The competition is so fierce that the end-of-season tournament in August draws pro stars to compete against the city’s best streetballers. In past years, greats such as Wilt Chamberlain, Julius Erving, Connie Hawkins and Allen Iverson graced the court.

Many current pros, including Mark Jackson, Ron Artest and Stephon Marbury, are Rucker Park alums. Even some of the sport’s greatest nicknames, from Earl “The Pearl” Monroe to Nate “Tiny” Archibald and streetballer Joe “The Destroyer” Hammond, were earned on that court.

With such talent, the quality of the game is top-notch. That cuts down on some of the truly outrageous schoolyard tricks one might see at other streetball exhibitions.

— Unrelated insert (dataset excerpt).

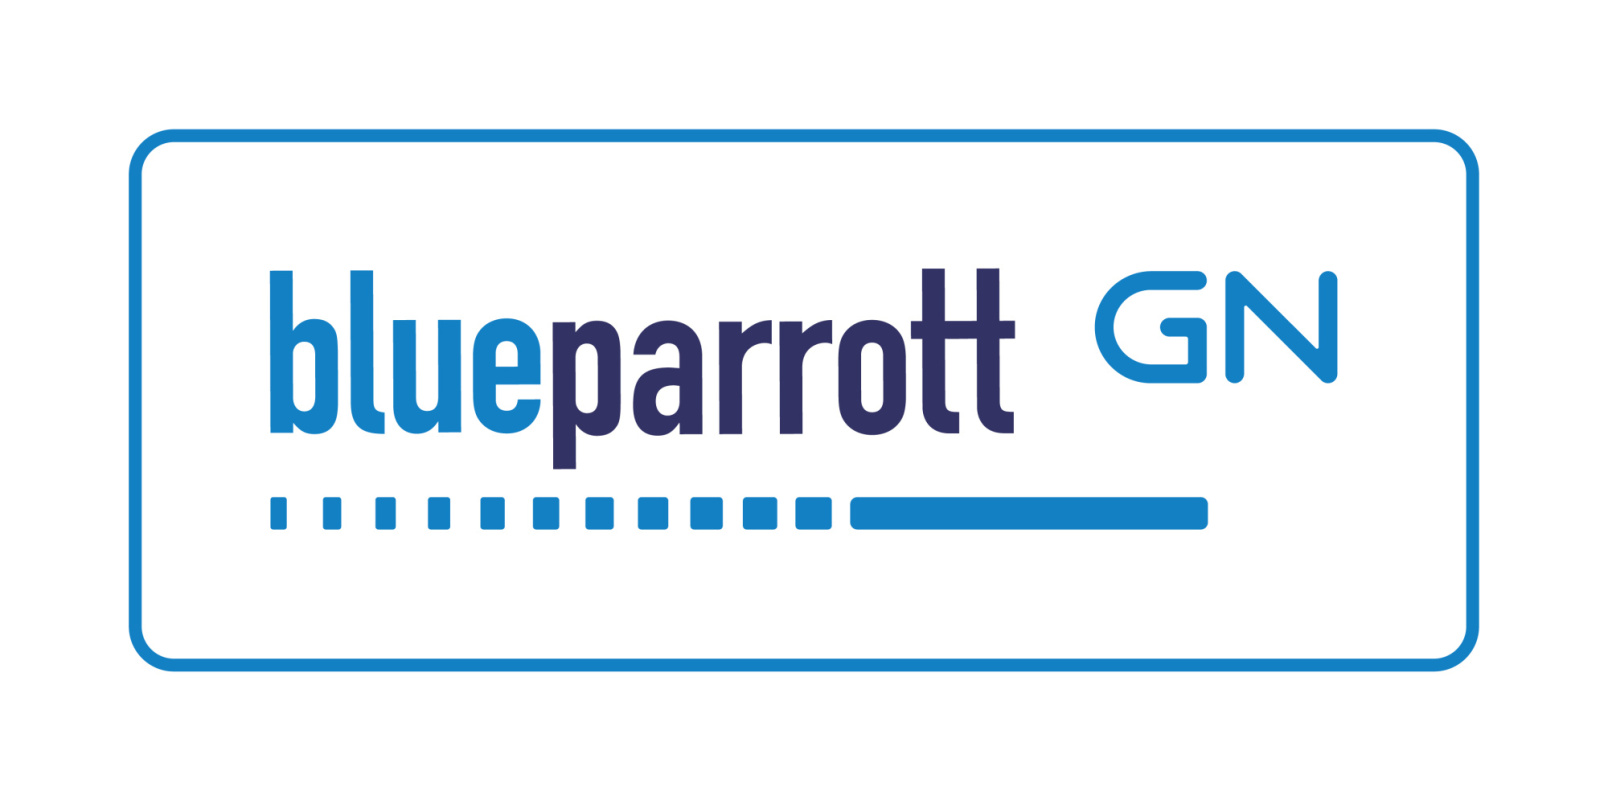 BlueParrott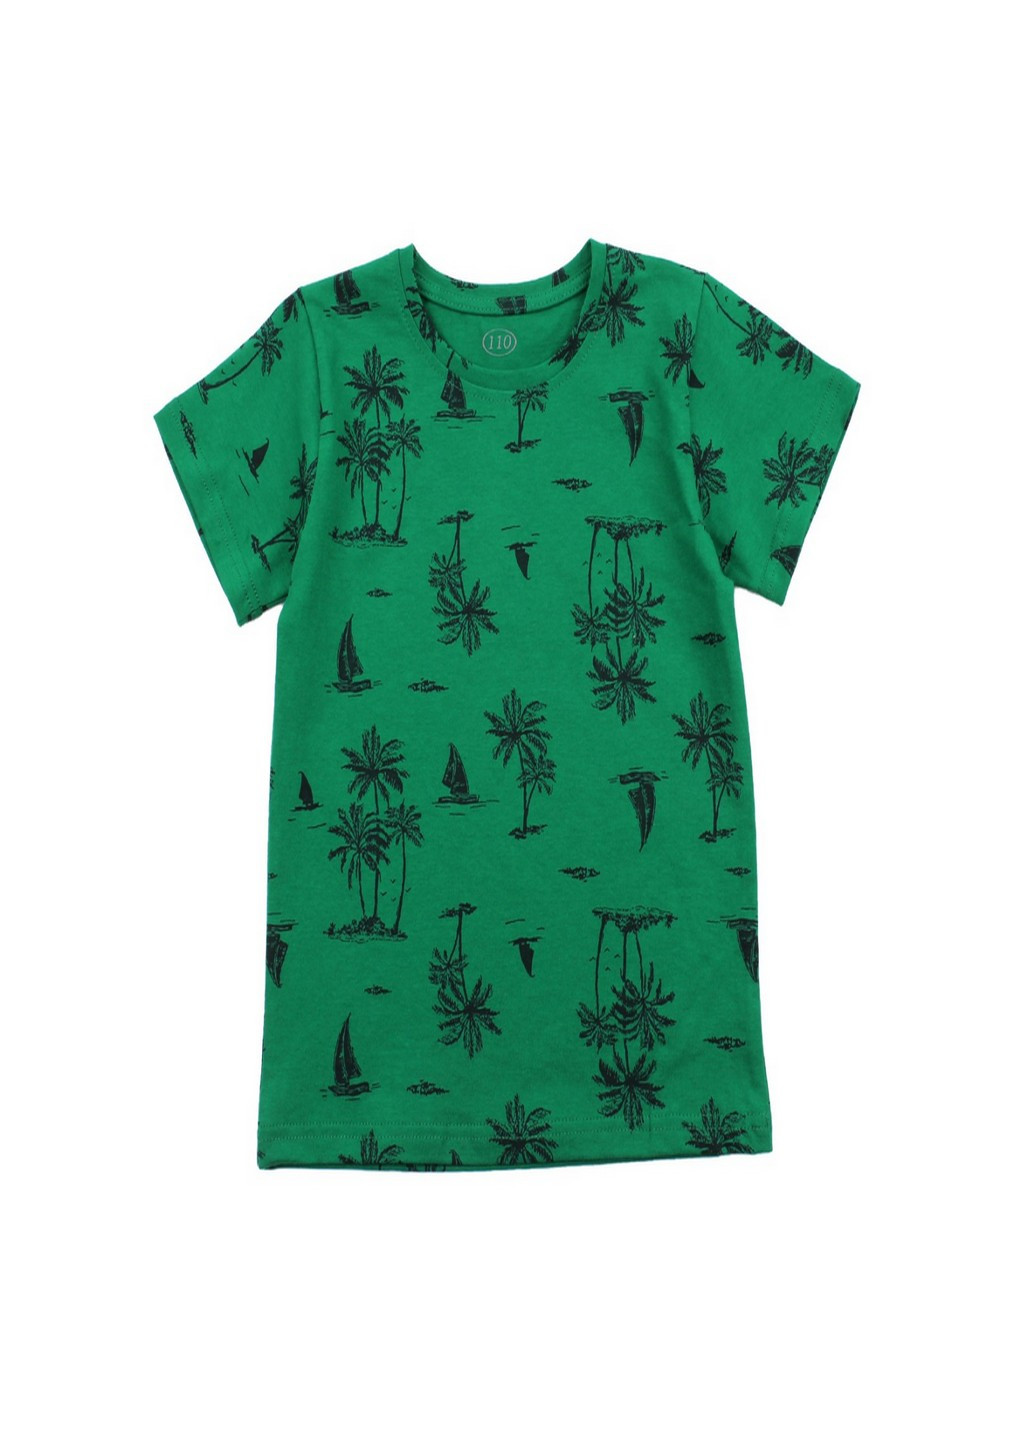 Зеленая летняя футболка для мальчика (пальмы, корабль) Фламинго Текстиль

But Pee Wee Kirkland, one of the greats from the league’s heyday in the early 1970s, says the game has suffered because of the premium put on embarrassing your opponent with high-wire acrobatics.

“Young players today are very much out of focus,” said Kirkland, whose professional aspirations were cut short by an 11-year stint in prison on a drug trafficking conviction. “It’s all about the trick, and not the win. When we played, we learned from the neck up, we knew our fundamentals.”

The new players say fundamentals are important — but so is fun. After one recent tournament game this summer, 17-year-old point guard Sebastian “Too Fast, Too Furious” Telfair, widely considered one of the top high school players in the nation, said he looked at the league as a place to be a little more free.

“It’s supposed to be a little more fun here, but when you put me on a court, I want to win, first and foremost,” he said.